Книгомай 2022

спилберг

Ричард Шикель. Стивен Спилберг. Человек, который придумал блокбастер. Иллюстрированная биография

Бомбора, ЭКСМО

Издание посвящено творчеству одного из самых знаменитых режиссеров современности, да и всей истории кинематографа в целом. И самого кассового. Стивен Спилберг — тот, кто снял «Челюсти», «Индиану Джонса», легендарнейшего «Инопланетянина», «Парк юрского периода», «Список Шиндлера»… Можно сказать, что именно Спилберг создал и развил в Голливуде такое явление как блокбастер, то есть, очень успешный, хотя не совсем обязательно дорогой в производстве фильм.

Собеседник Спилберга — Ричард Шекиль – не просто интервьюер, но и его давний друг. Это обеспечивает книге добродушную атмосферу, какая возникает при общении людей, хорошо знакомых и понимающих друг друга с полуслова. Ричард признается, что в книгу вошло далеко не все, потому что Стивен относился к тексту так же ревностно, как и к сценариям своих фильмов.

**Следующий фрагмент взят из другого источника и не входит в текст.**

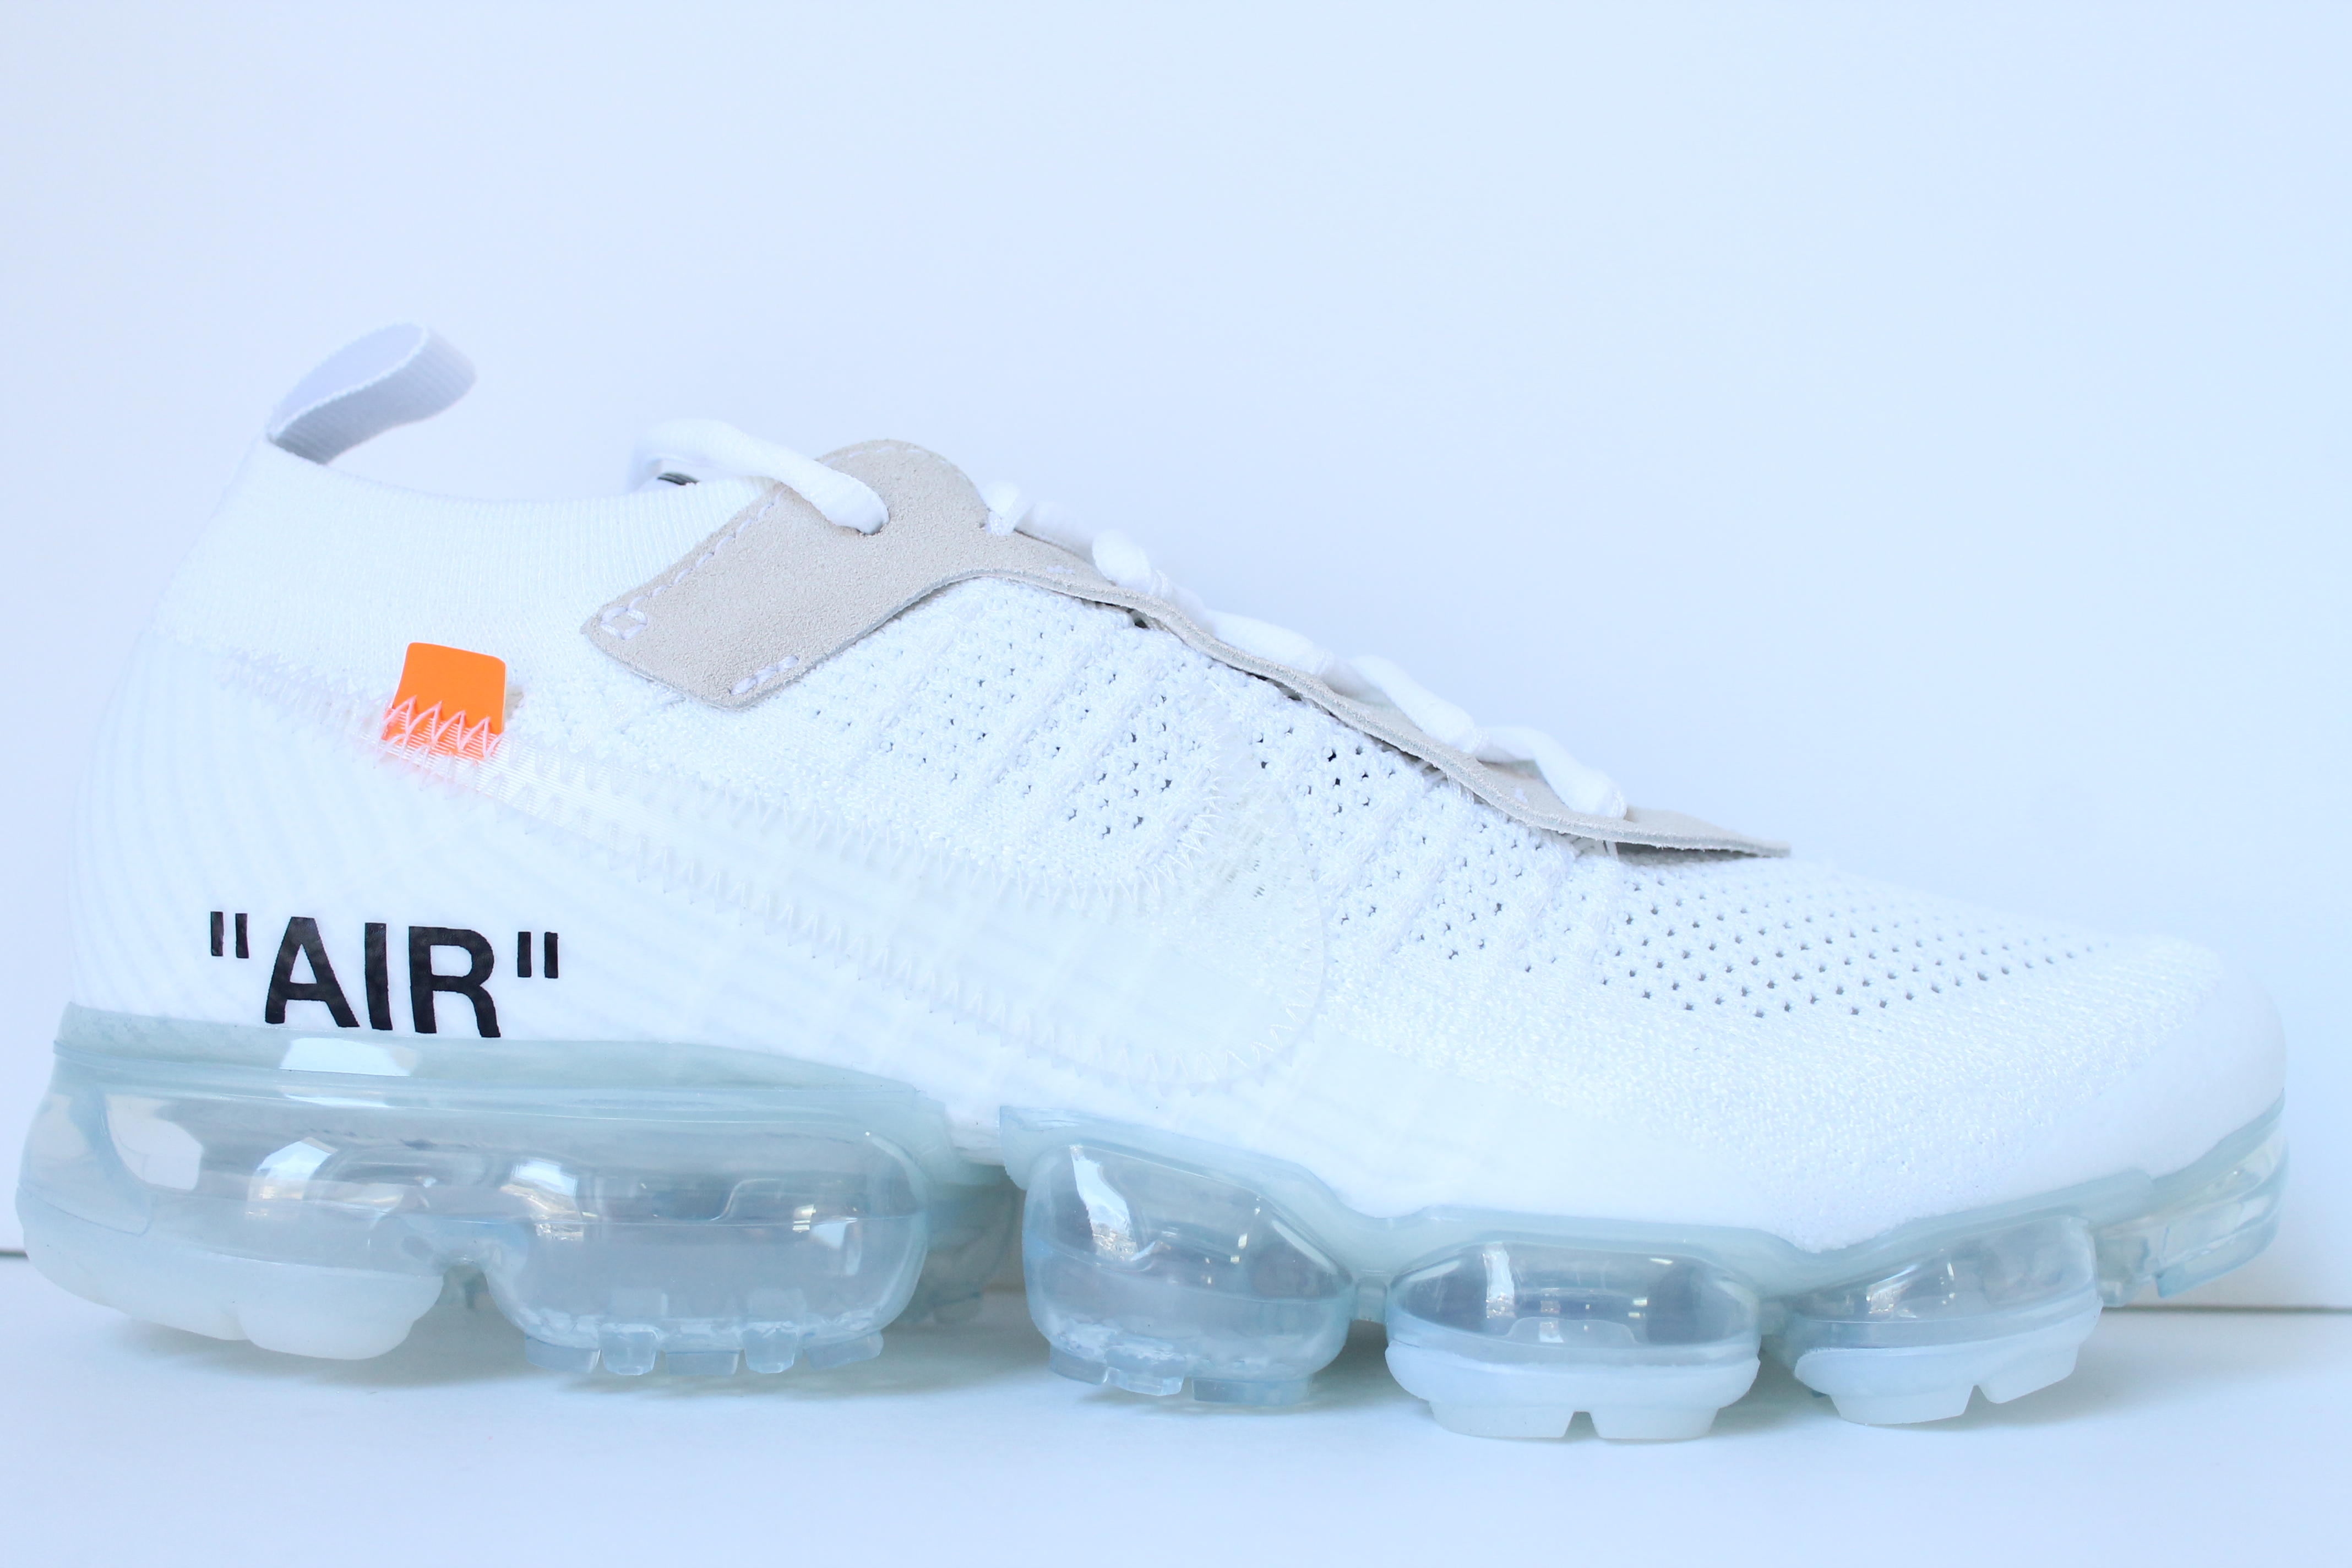 The 10 Nike Air Vapormax FX OFF WHITE Part 2 created by Virgil

Всё началось с того, что Стивен в юности во время экскурсии на киностудию потихоньку отстал от группы. Просто чтобы побродить по территории, заглянуть в павильоны. У него еще не было никакой определенной цели, но киношный мир захватил его. В итоге Стивен потерялся в голливудских лабиринтах, совершенно не представляя, как выбраться. Он обратился к одному из сотрудников, которого сумел так впечатлить своим неофитским восторгом, что тот не только показал дорогу к выходу, но и подарил пропуск на три следующих дня. Когда время действия пропуска истекло, Стивен пришел снова, надев лучший костюм, и постарался максимально небрежно кивать охране у входа. Главное – выглядеть очень занятым, говорил он впоследствии.

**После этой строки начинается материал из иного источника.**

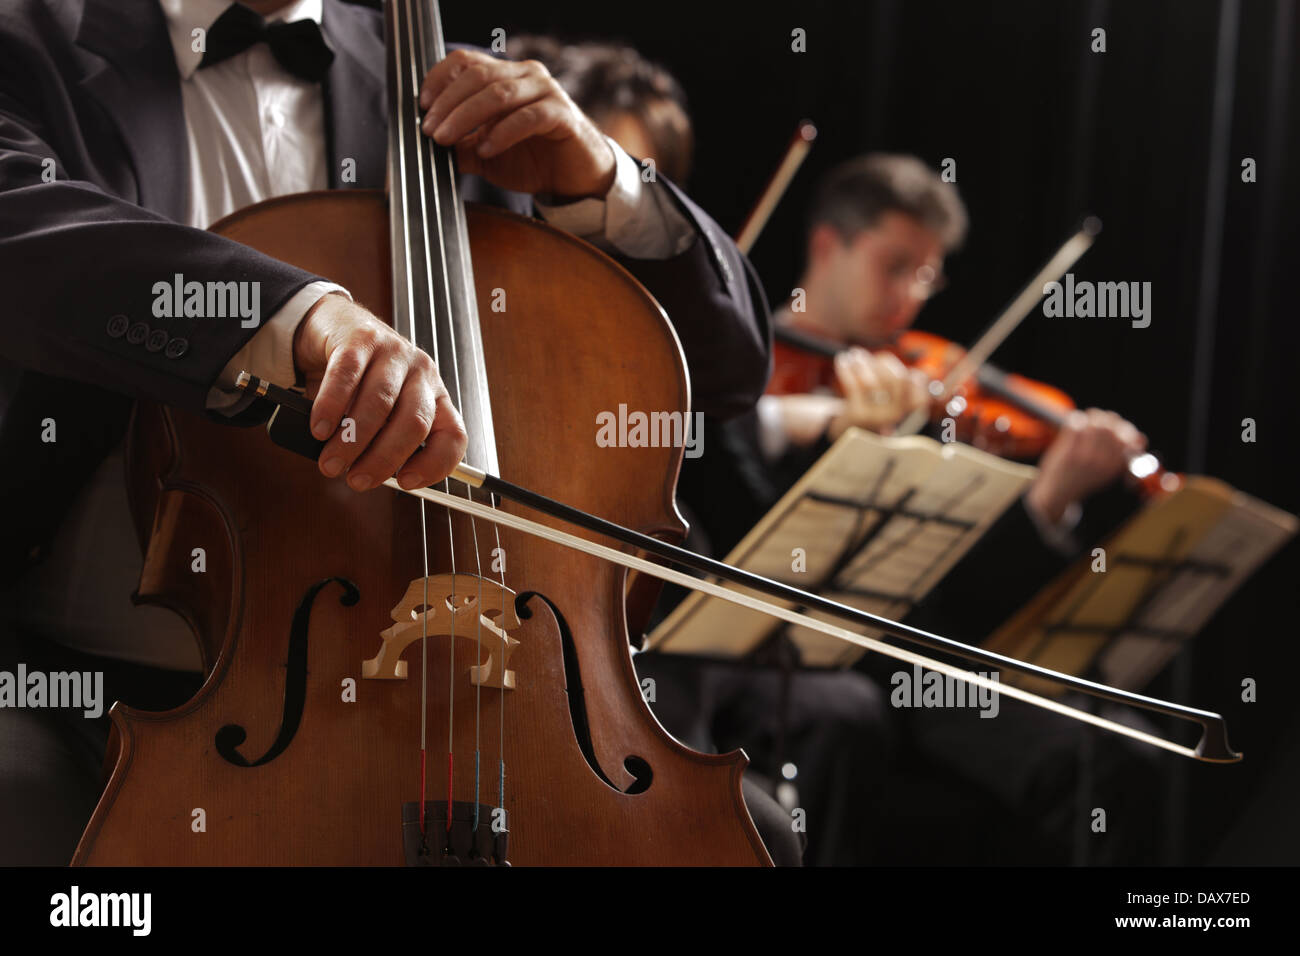 Classical music, cellist and violinists Stock Photo

«На протяжении дальнейшего творческого пути Стивен Спилберг едва ли проявил себя импульсивным человеком; он вынашивал идеи большинства наиболее важных фильмов десятилетиями, а то и дольше. Но в сущности это не имеет значения. «Я долго пробыл на Universal Studios. Понятия не имел, как вернусь домой, и все же целый день просто бродил туда-сюда – заглядывал в павильоны звукозаписи, монтажные. Сам себе устроил экскурсию и потрясающе провел время». Однако пришло время заканчивать осмотр, а Стивен не представлял, как вернуться в Канога-парк. Надо было позвонить. По счастливой случайности он обратился к человеку по имени Чак Сильверс, главе киноархива, который выслушал его, посмеялся, оценив дерзость, но, что самое важное, выписал пропуск на три дня, которому паренек нашел прекрасное применение. Впрочем, по окончании срока действия пропуска Стивен оказался предоставлен сам себе. Тогда он решил посмотреть, получится ли прорваться на одной только решимости. Облачившись в свой лучший костюм для бар-мицвы (в то время люди еще надевали все лучшее для работы на студии), помахав недействительным пропуском перед носом Скотти – вечно улыбающегося охранника у главного входа, он прогулочным шагом зашел на студию и беспрепятственно продолжал приходить все оставшееся лето. И следующим летом тоже. Его никогда не останавливали. На студии всегда мельтешат люди, спешащие по каким-то делам, и им никто не задает вопросов. Главное – выглядеть сосредоточенным. И никогда не оглядываться. Сравнительно быстро у всех сложилось впечатление, что Спилберг кем-то здесь работал, хотя никто и никогда не интересовался, кем именно. Спилберг и сам не представлял. «В те дни я никогда особенно не задумывался, как именно снимается кино», – вспоминает он. Возможно ли это? Думаю, да. Определенно, это более вероятно, чем предположение, что он стал неким «открытием» – эта легенда о наивном юноше, который случайно совершает что-то более-менее примечательное, преодолевает кордоны студии и становится звездой, уже сто раз использовался в книгах, спектаклях и фильмах. В любом случае, лучше всего Спилберга знали в неприметных уголках студии – там, где вкалывали редакторы, редакторы звука и звукооператоры. Однажды главный редактор Ричард Белдинг спросил, не хотел бы Стивен помочь им по-настоящему. Спилберг, разумеется, хотел…»

 

поздние ленинградцы

Лев Лурье. Поздние ленинградцы. От застоя до перестройки

БХВ-Петербург

Вышедшая в серии «Окно в историю» книга известного историка и журналиста, лауреата Анциферовской премии   за работы по истории Петербурга, рассказывает о поколении ленинградцев, о культурном своеобразии этого города и тех знаковых местах ленинградского позднесоветского периода, и  как быстро менялась городская повседневность.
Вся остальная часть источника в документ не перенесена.